Third Fork Creek Trail

Southern Boundaries Park to Garrett Road Park

Third Fork Creek Trail is a 3.5-mile route that runs from Southern Boundaries Park to Garrett Road Park (parking is available at either end). Although it’s paved, the trail takes you a little more off the beaten path than the American Tobacco Trail, following Third Fork Creek through a wooded corridor.

Wine & Design

4810 Hope Valley Rd #109, 919-391-8359, wineanddesign.com/locations/durham

Whether you’re looking to celebrate a special occasion or just enjoy a fun night with friends, what could be better than a paintbrush in one hand and a glass of wine in your other?

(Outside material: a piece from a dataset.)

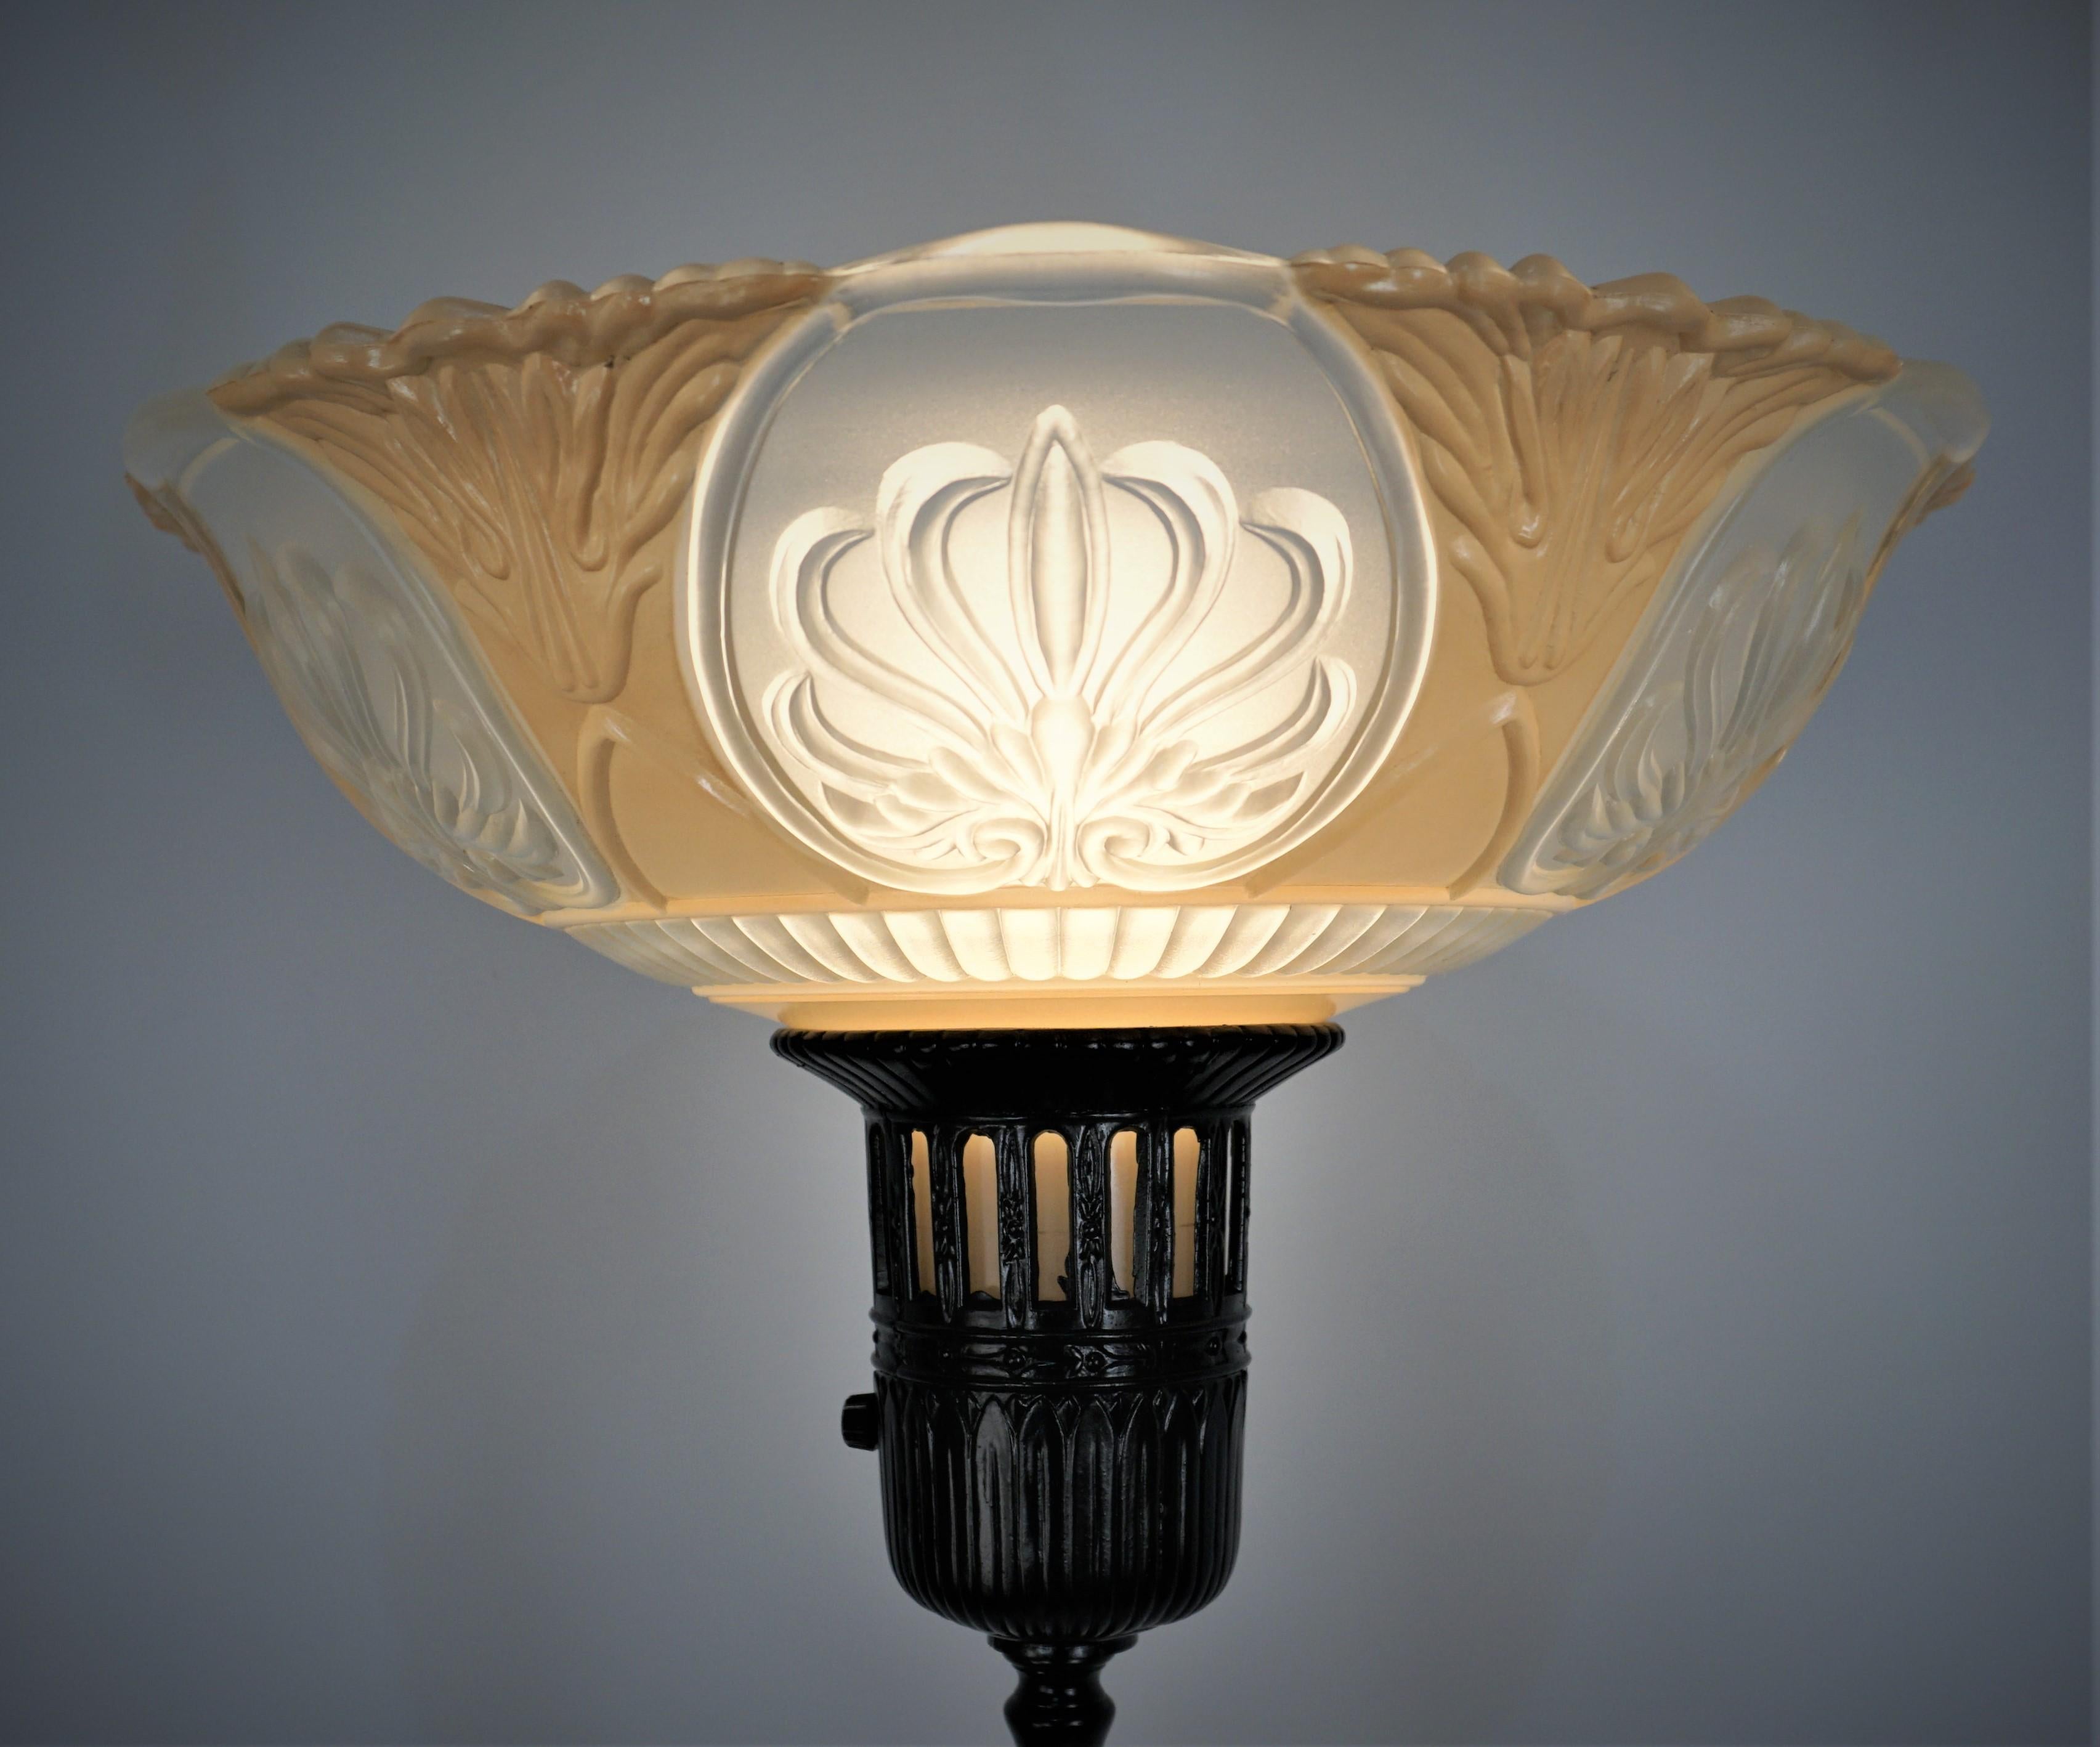 Elegante schwarz lackierte amerikanische Stehlampe aus den 19230er Jahren mit originalem Glasschirm.
3-Wege-Leuchte 100-200-300v Watt.

Wine & Design offers art classes led by local artists. You bring the wine; they’ll provide the glasses, canvases, and paint. 

W.D. Hill Community Center

1308 Fayetteville Street, 919-560-4292, dprplaymore.org

The recreation center was named to honor William Daniel “W.D.” Hill, an executive with the N.C. Mutual Life Insurance Company. Before Hill died in 1945, he was instrumental in the creation of projects that served Durham’s black youngsters. The vibrant recreation center offers youth sports programs and martial-arts classes, and has a dance studio, multipurpose room, and gymnasium. The center connects to Hillside Park, which contains a futsal court, playground, basketball courts, baseball fields, and a picnic area.